The lighthouse keeper, Gänswein said would only make headlines if he would leave his post in order to do something else because there would be a disaster.
He added, When priests and bishops do not anymore have the courage to proclaim the Gospels with strength and in its entirety, but to merely present one’s own words of wisdom, then there comes disaster, and then there are headlines.
Priests deal with the matter of keeping the course and changing the course. They are influencing the course of the lives of men, they steer (and), they change. Their position is similar to the lighthouse keeper.
He pointed out that unlike some of the powerful ships in the sea, the lighthouse itself has no warships. So, too are the priests whose strength does not come from external means of power. They lead people and guide them, by simply proclaiming the Truth that has become Incarnate in Jesus Christ.
A priest is not strong out of his own power; he only has strength inasmuch as he gives witness to the truth. People should change their ways because they have come in contact with the truth of the Gospels, just as a ship has to change course when coming in contact with a lighthouse.
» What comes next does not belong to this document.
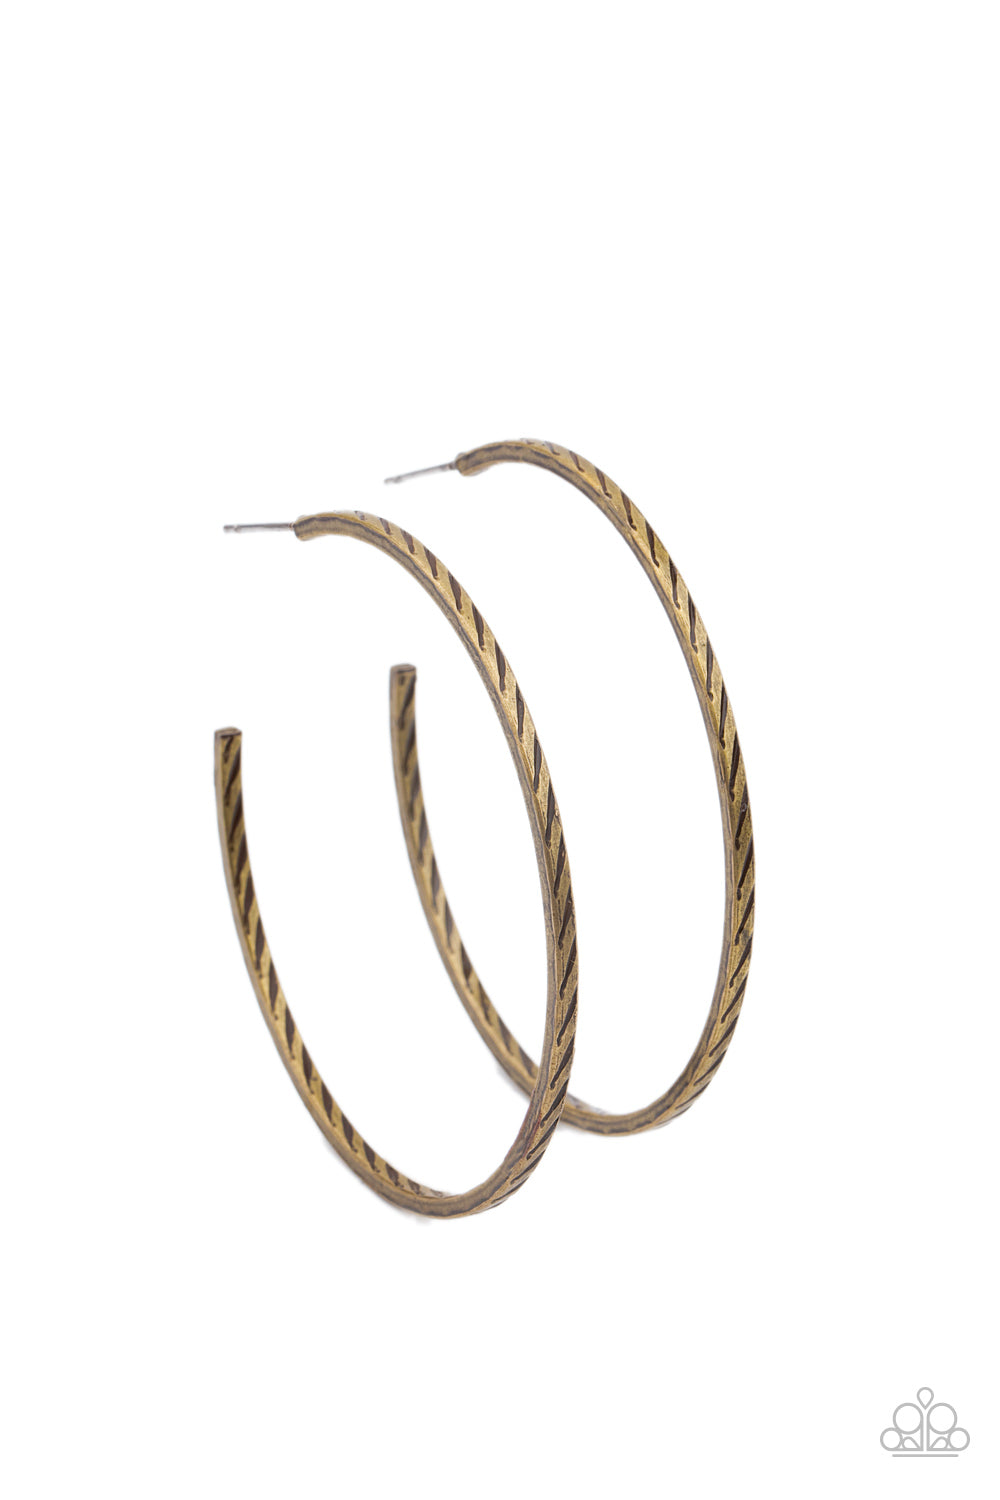 Paparazzi Accessories earrings, brass 2" diameter stylish hoops.

Since God entrusted that truth to His Church, the Church may not proclaim anything else but that truth, be it in season or out of season.
While a priest might hear voices similar to the captain of the warship ordering the lighthouse to change course, he has to give a simple answer that of the beauty and truth of the Faith, to advise people to go the right path to eternal salvation.
The priests, not the Church, must change course.